Intelligent Web-based Platform to Support Online Professional Learning Communities in CS Education (2 student openings possible)
Professional Learning Communities (PLCs) are a proven approach to improve teacher identity and engagement, leading to increased motivation and self-efficacy. Thus, PLCs can help teachers improve their instruction, directly impacting student learning and performance. However, teachers at rural areas might not have sufficient peers to form a PLC. This is particularly challenging for K-12 CS teachers as many schools either do not offer CS courses or only have one teacher teaching CS courses. Meanwhile, the advances in online or virtual community or collaborative platforms have grown tremendously due to the social media technologies. These platforms have features that enable or encourage collaboration and community activities, such as intelligent recommendations, informed sharing of resources, individualized experiences, and so on. This research project is aimed to develop a platform to support an online PLC for K-12 CS teachers using intelligent features, and to investigate the effectiveness of such features and how they impact teacher identity and their instruction.
Student Participation: The REU participant(s) will help develop and implement online features for the intelligent Web-based platform to engage and motivate K-12 CS teachers.
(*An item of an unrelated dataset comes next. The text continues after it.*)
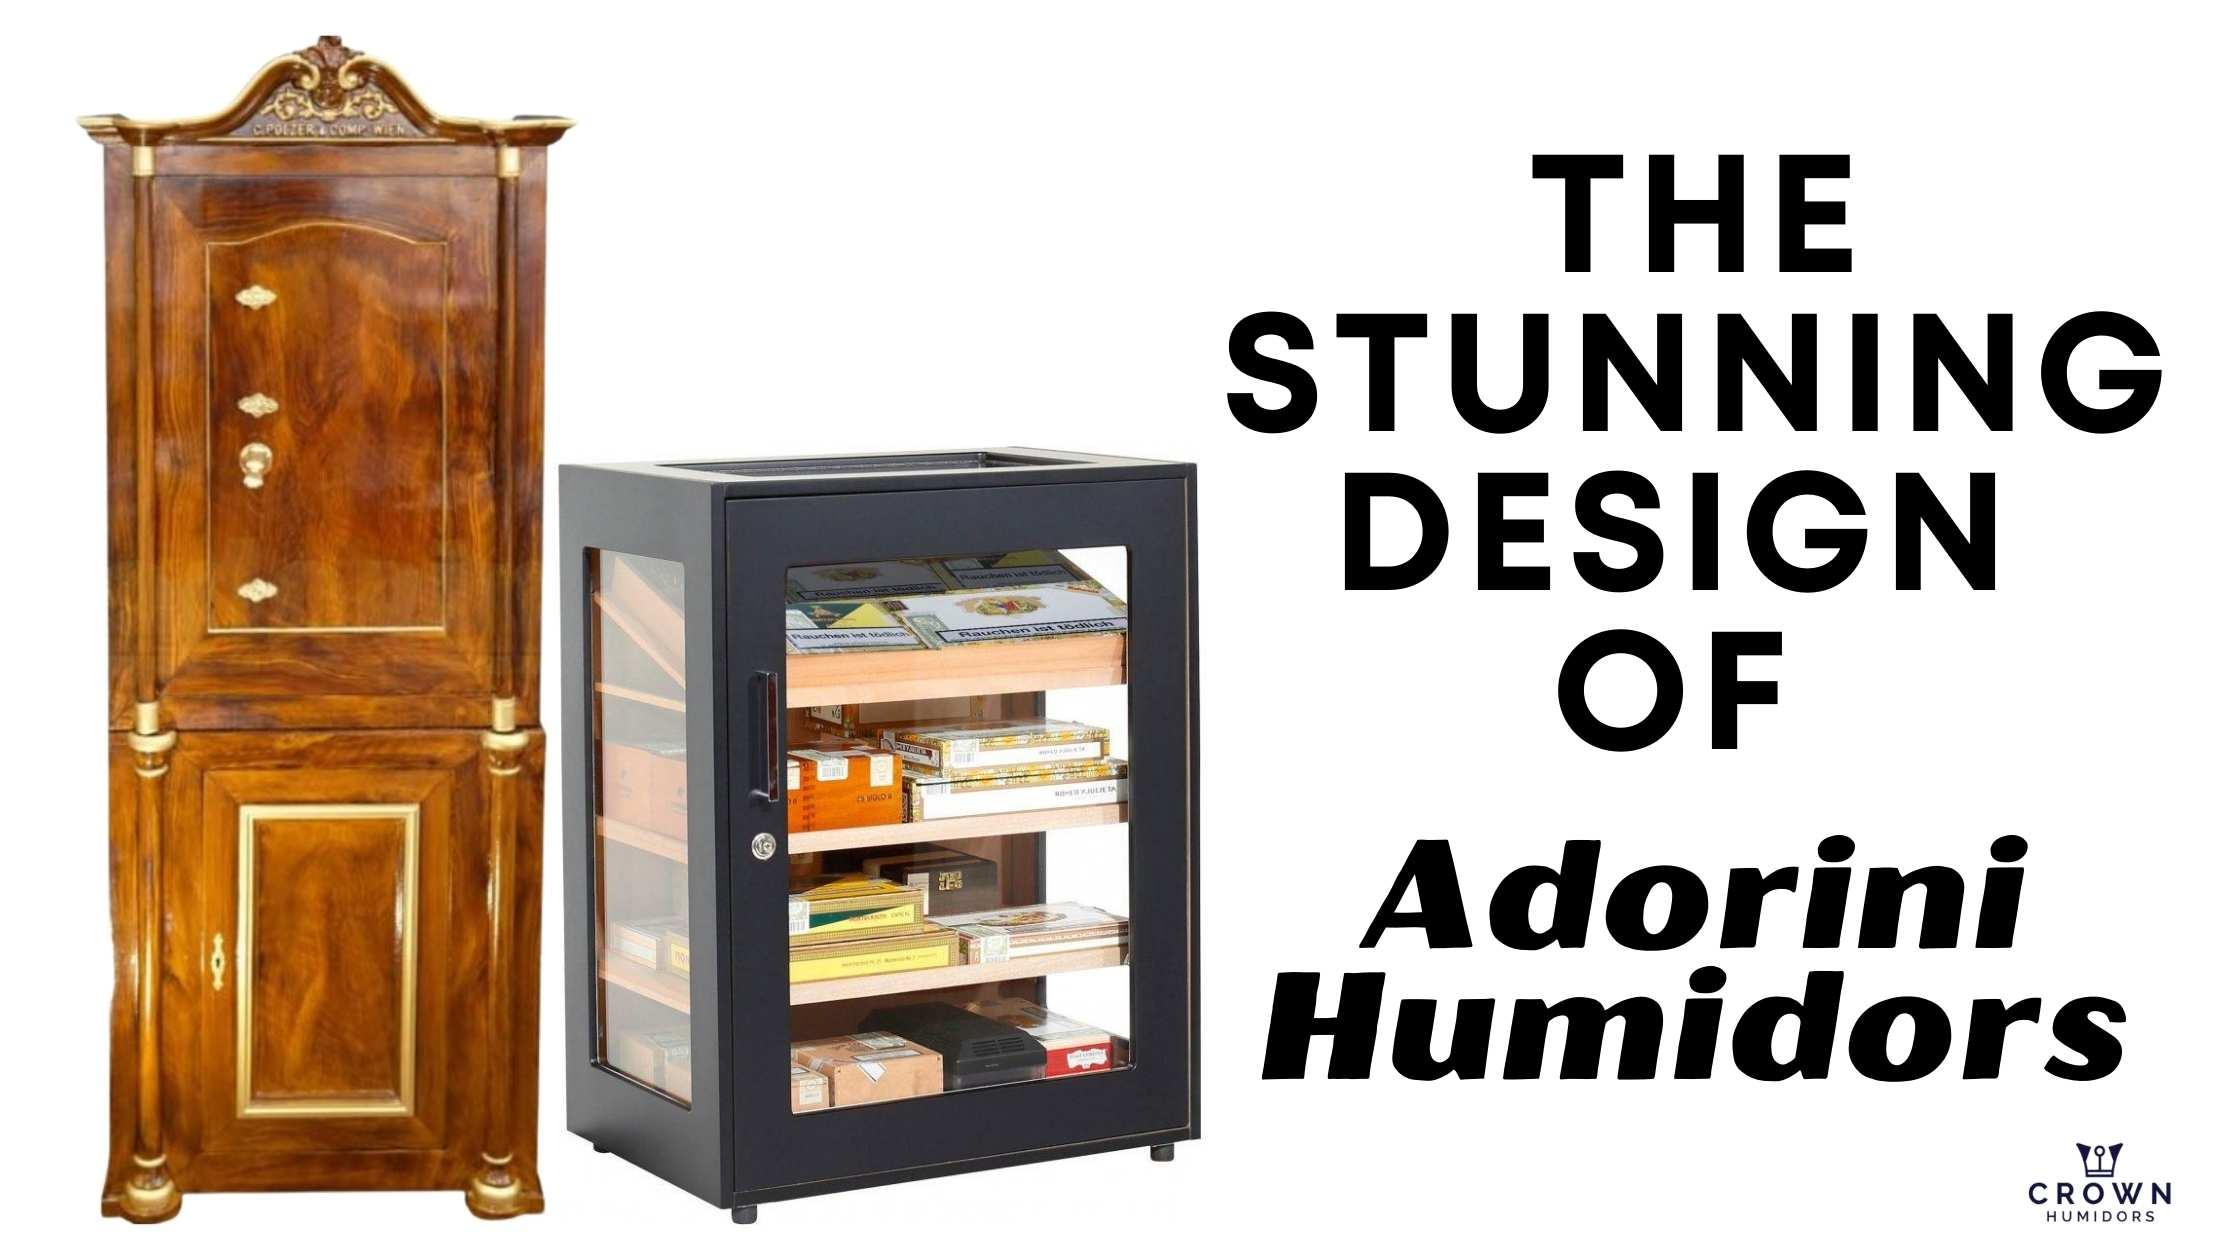 The stunning design of adorini humidors

They will also help carry out investigations including establishing research questions, analyzing qualitative and quantitative data, and reporting on findings. This research will help us better understand barriers and facilitators involved in online Professional Learning Communities (PLCs) for K-12 CS teachers in particular, and for K-12 teachers in general, especially those in the rural areas. REU participant does not need any prior experience or have any preferred qualifications.